What makes scientific results reproducible?
===========================================

The idea of reproducible science is to provide not only the final results of
your research (often in the form of a paper), but also enable others to redo
your experiments and analysis. This allows for external verification, greater
trust in your results and comparative ease in reconstructing details of your
own work in the future.

So what is necessary for your computational results to be reproducible? The 
following is based loosly on
[this article](https://journals.plos.org/ploscompbiol/article?id=10.1371/journal.pcbi.1003285),
which I would encourage you to read.


Automate everything
-------------------

You should have no manual steps in your result creation, that means codifying
everything you do. This often also replaces a lot of documentation of the sort
"click here, copy this from here to there, and rename that to xyz". There are
several ways of achieving that.

You could write a straightforward shell script in
[bash](https://en.wikipedia.org/wiki/Bash_(Unix_shell)) if you're under Linux
or MacOSX, or [batch files](https://en.wikipedia.org/wiki/Batch_file) or
[Powershell](https://en.wikipedia.org/wiki/PowerShell) if you're under Windows.
This has, however, a serious drawback: all steps in your pipeline are run
again, even if that is not necessary. For example, if you only change your
postprocessing part, there is no need to run the simulation again. (You
probably could implement checks like this in your favorite shell language, but
then you're just reimplementing some of the solutions below. Don't.)

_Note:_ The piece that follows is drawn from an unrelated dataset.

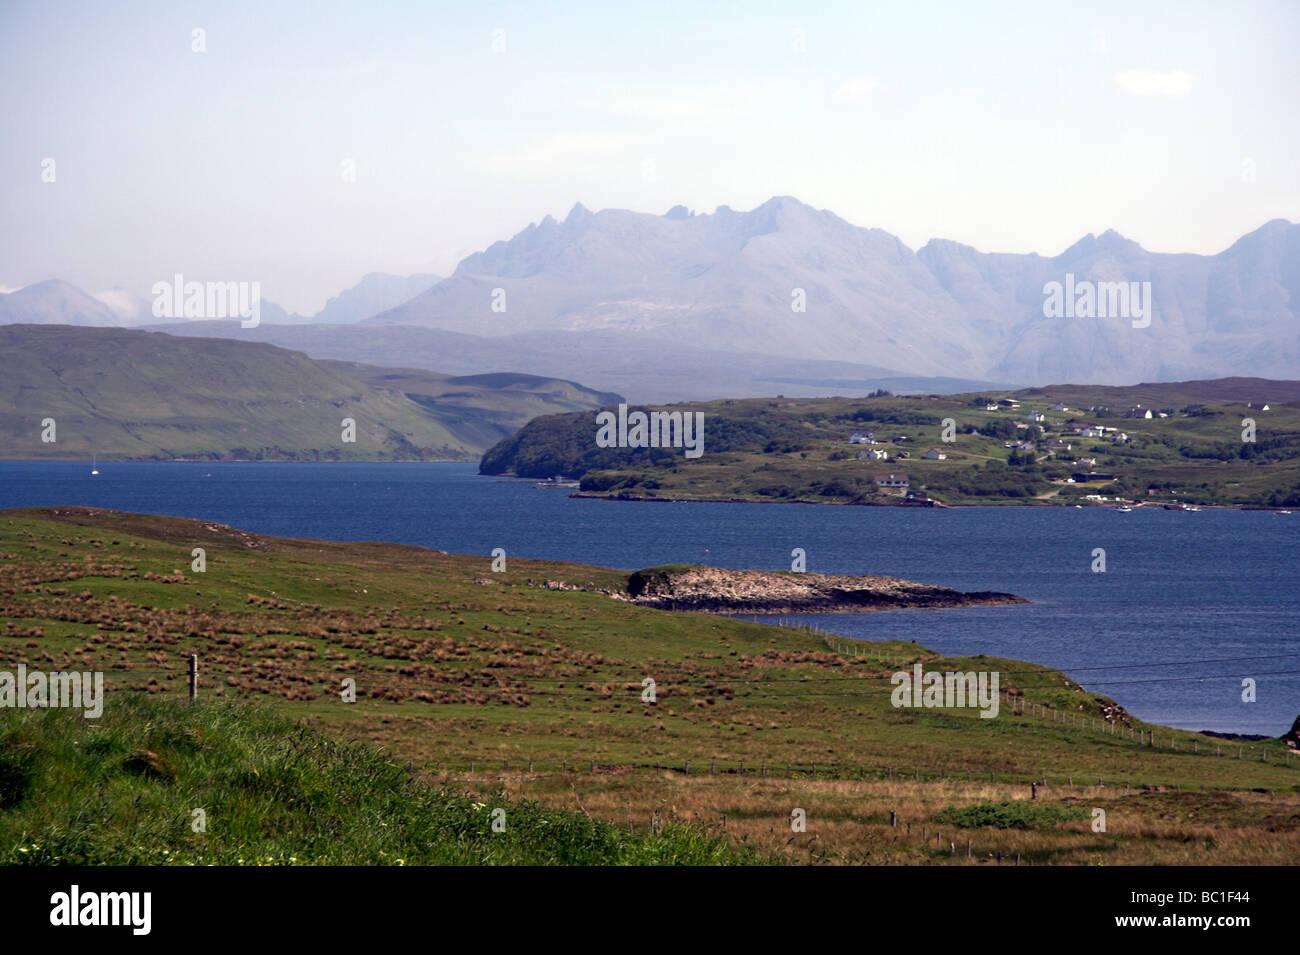 Cuillin Hills, Loch Harport, Isle of Skye, Inner Hebrides, West Coast of Scotland, UK Stock Photo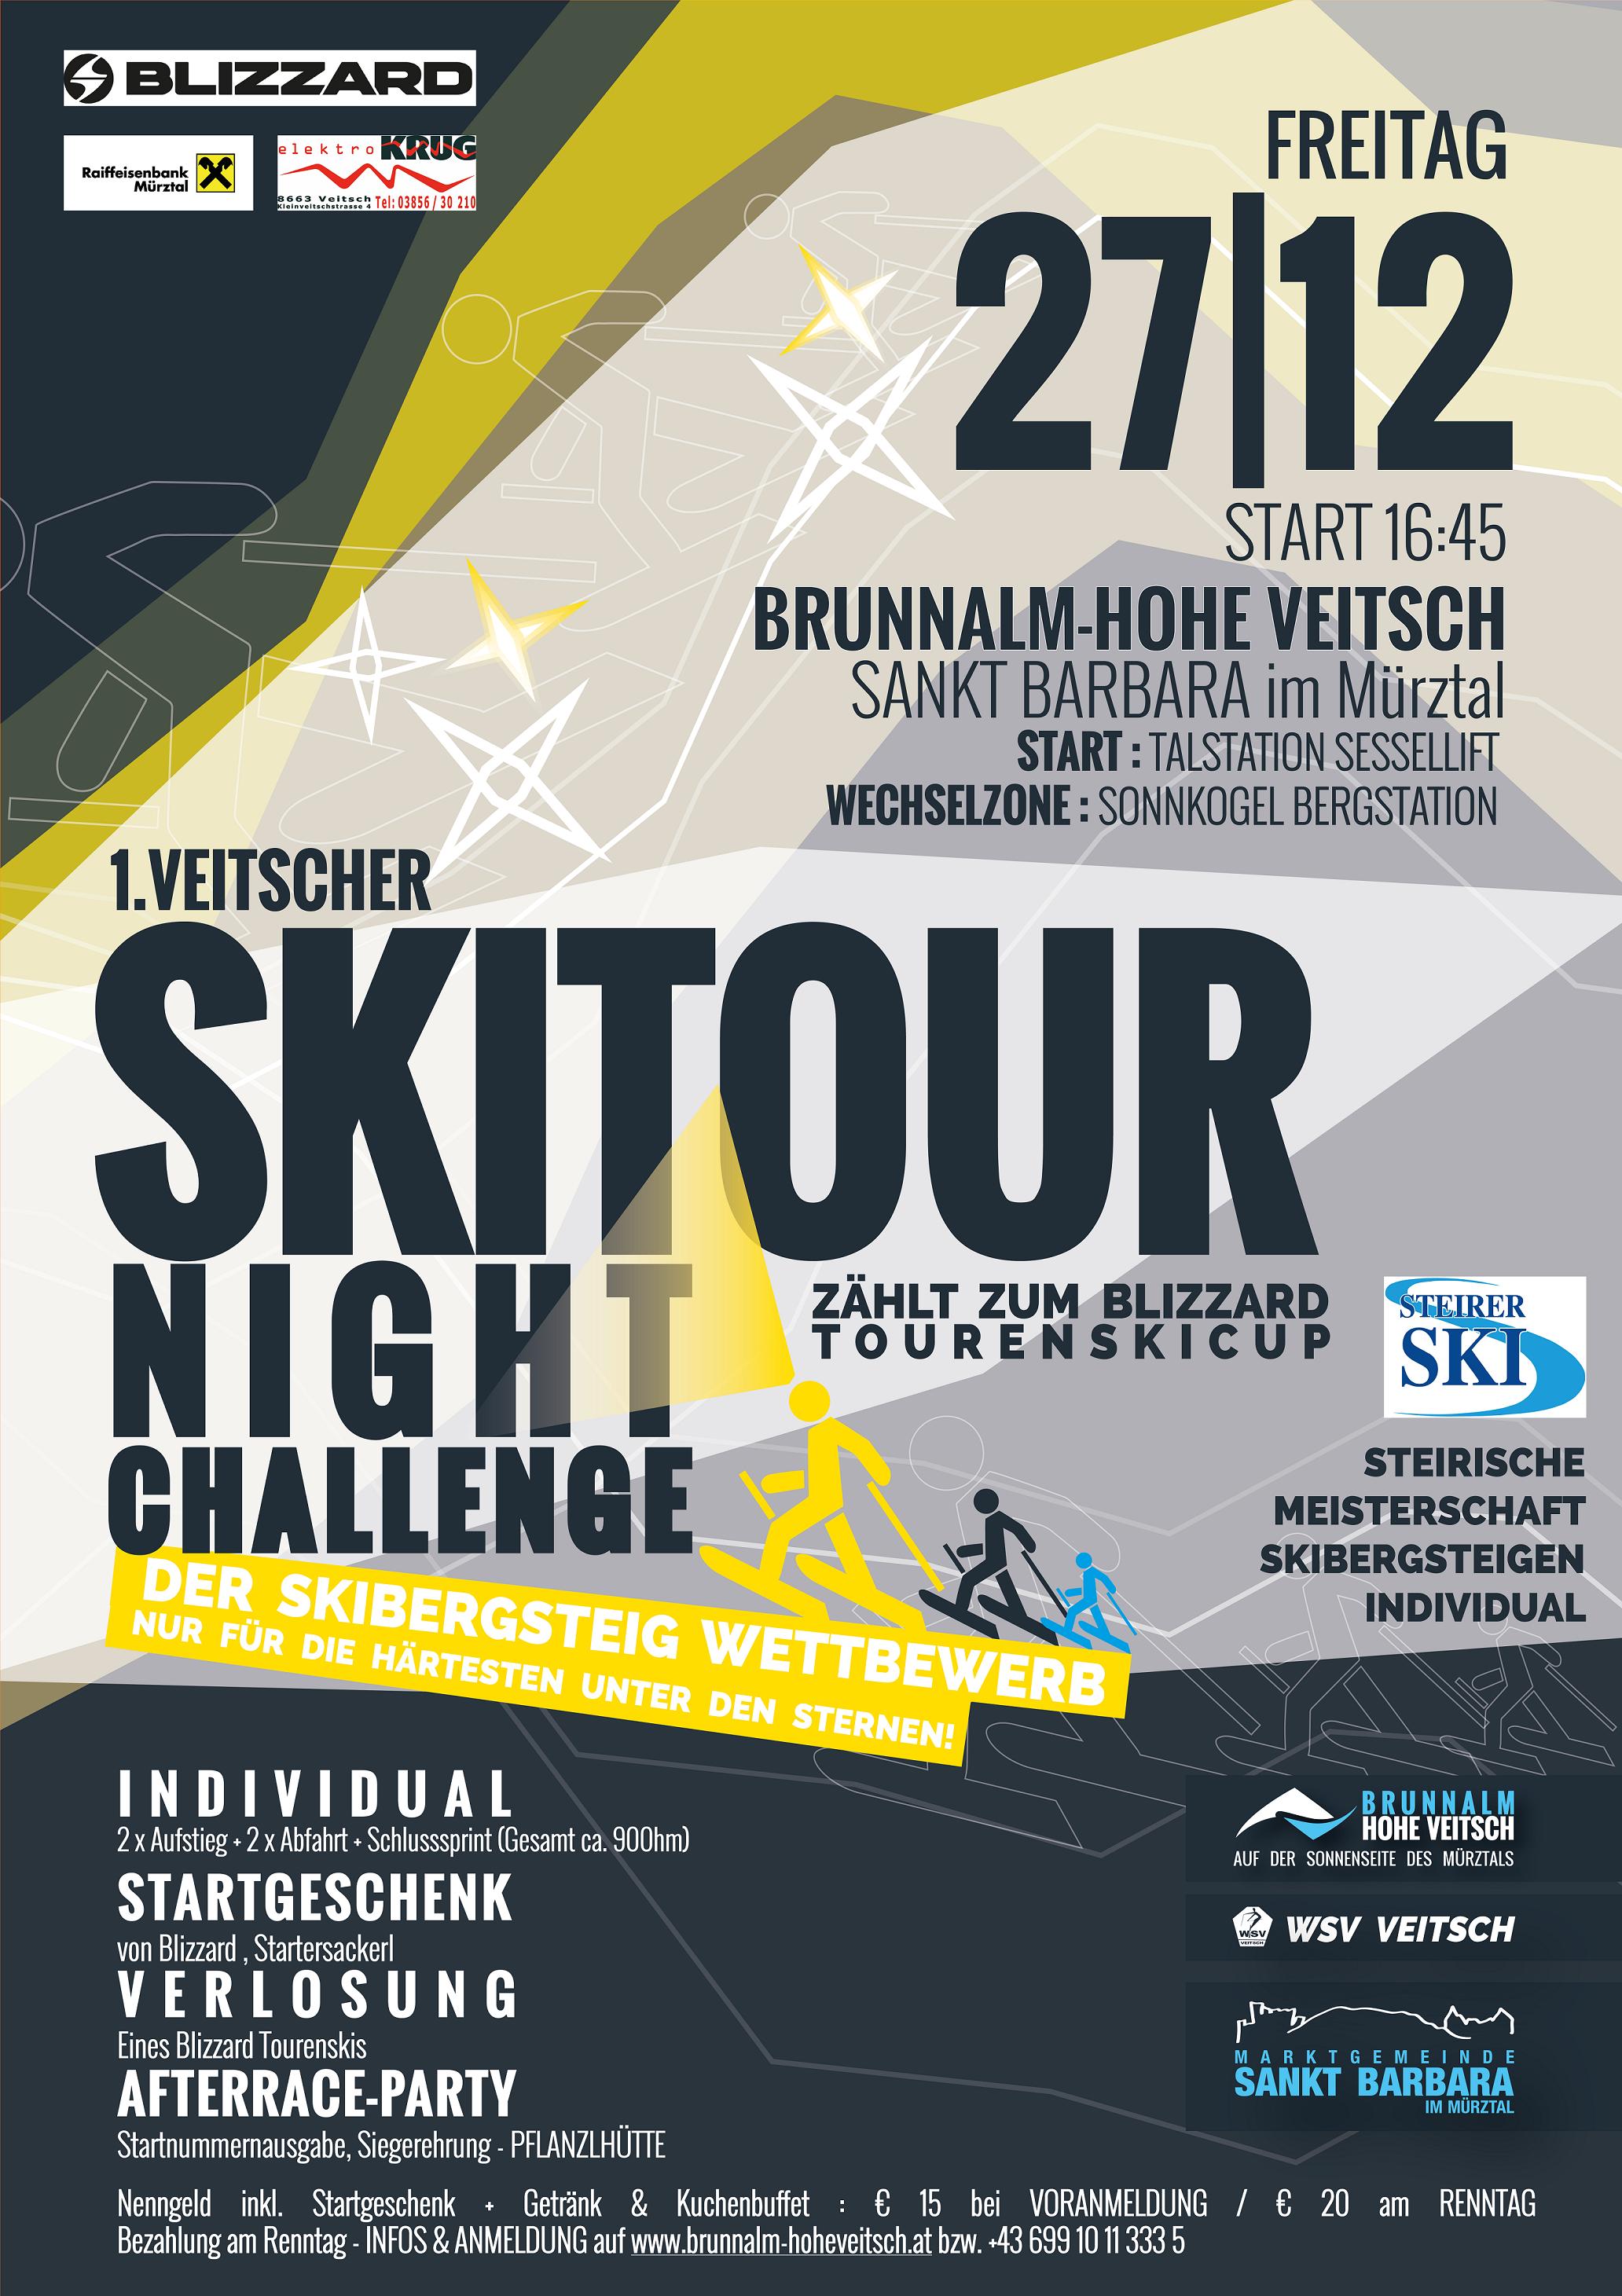 191104 PLAKAT skitournightchallenge 01

Better solutions to this are build systems, of which there are
[many](https://en.wikipedia.org/wiki/List_of_build_automation_software). The
most widely known and almost universally available (at least on Linux systems),
is [make](https://en.wikipedia.org/wiki/Make_(software)). If you're already
familiar with make and it suits your work, go with it. However, I find the
syntax dismal, and the timestamp-based decisions sometimes result in
unnecessary reruns. Python-based alternatives which we're going to use here are
[doit](pydoit.md) or [Snakemake](snakemake.md) . If you know Python, you'll 
feel right at home.


Keep everything under version control
-------------------------------------

Version control is a way of keeping track of the changes you made to your code
and why. While there are also
[many](https://en.wikipedia.org/wiki/List_of_version-control_software) version
control systems, one has emerged as the clear winner and is widely known and
supported.

Learn [Git](https://git-scm.com/) and use it habitually everywhere, all the time.


Archive your environment
------------------------

This part is quite difficult. Software changes its behaviour as newer versions
are released. To make your results reproducible, the code needs to be run with
the same version again. The least you should do is write down the version
numbers of the software that is important. But this is prone to error, likely
to become out-of-date and makes reproducing your results much more difficult
than it should be.

A better solution would be to provide a virtual machine with all the software
that you've used preinstalled. This satisfies the reproducibility requirements,
but is also cumbersome to use and archive, and not very transparent in terms of
how you've set up your environment.

A new approach is to use containers, which will allow you to easily distribute
your environmental setup along with the rest of the code, while also being
faster than virtual machines. This is discussed in detail in the
[docker](docker) section.


For Analyses That Include Randomness, Note Underlying Random Seeds
------------------------------------------------------------------

To make results that stem from computations that include randomness
reproducible, set the seed of the RNG to a fixed value.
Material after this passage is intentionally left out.